それを境に不安を覗かせるようになった選手。応援の音量を低下させた浦和サポーターの姿も鮮明になった。スタンドの1割にも満たない鹿島サポーターが活気づき、その他大勢の浦和サポーターが沈黙するバランスの悪いにスタジアム内の構図に、危ないムードはプンプンと漂っていた。

 ペトロヴィッチは、そのタイミングで高木に代え、再び青木を投入。第1戦と同種のより守備的な交代を行った。守る浦和、攻める鹿島。この構図を浦和の監督自らが描き出そうとした。

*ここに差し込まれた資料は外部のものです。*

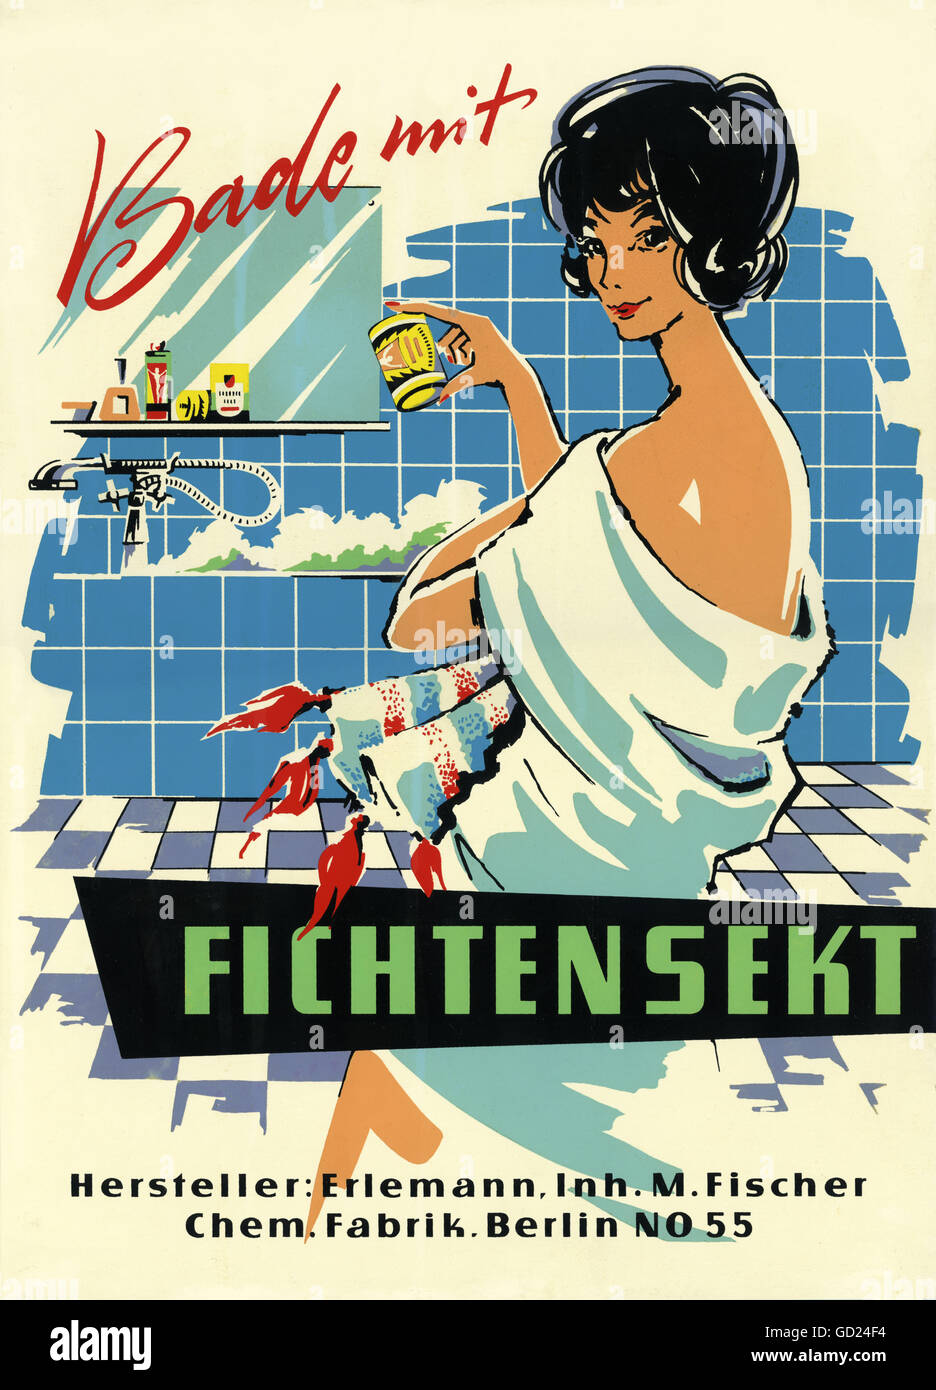 Publicité, cosmétiques, panneau publicitaire pour sels de bain, 'Bade mit Fichtensekt', marque: Fichtensekt, fabriqué par: Erlemann, usine chimique, Berlin, Allemagne de l'est, vers 1955, droits additionnels-Clearences-non disponible Banque D'Images

 かつて、ミラン等、イタリアのクラブはその方法で成功した。バルサに対して、前評判で劣りながら勝利をモノにしている。だが先述の通り、浦和対鹿島は、資金力豊富な強者と弱者の関係にある。

 ペトロヴィッチが監督に就任して丸5年。絶えず優勝候補に挙げられながら、優勝はもちろん、王者らしい振る舞いができずにいる浦和。力がありそうなのにそれができない理由は、監督のサッカーの志向性と密接な関係がある。浦和という日本を代表するビッグクラブと、ペトロヴィッチとの相性はよろしくない。なにより敗れたときに、大きな悔いが残る。格好悪く映る。

 なぜちゃんと攻めなかったのか、日本一の強者なのに、小心者のようなサッカーをするのか。ペトロヴィッチはサンフレッチェ広島の監督ではないのだ。

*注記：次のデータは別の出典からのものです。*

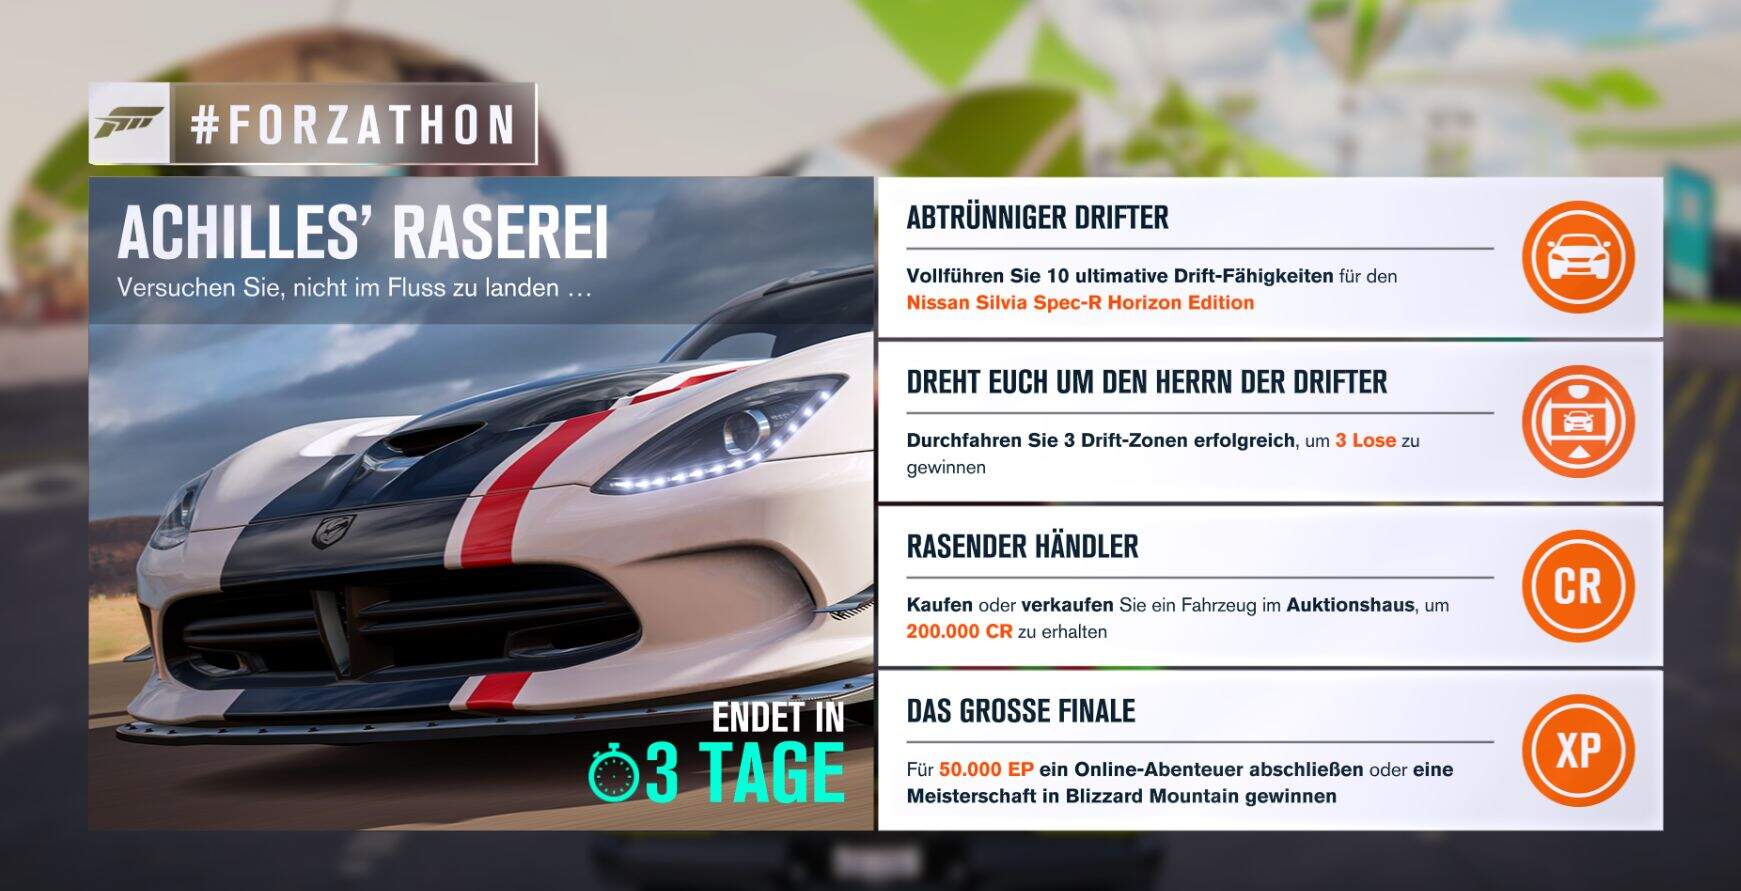 Forza Horizon 3 #Forzathon Guide KW 02 – Achilles‘ Raserei

 敗れても、強者に相応しい王道を行く模範的なサッカーを披露したなら救いはある。浦和ファンは意気消沈しても、他のクラブのファンは浦和を陰でこっそりリスペクトする。浦和に偉大さを覚えるものだ。つまり、愛されキャラになる。全国各地に隠れ浦和ファンは、多く存在することになるだろう。いまよりはるかに。浦和はペトロヴィッチをいつまで引っ張るつもりなのか。

 ペトロヴィッチの限界を見たチャンピオンシップ決勝。鹿島の石井監督の方が、僕の目には断然上に映るのだった。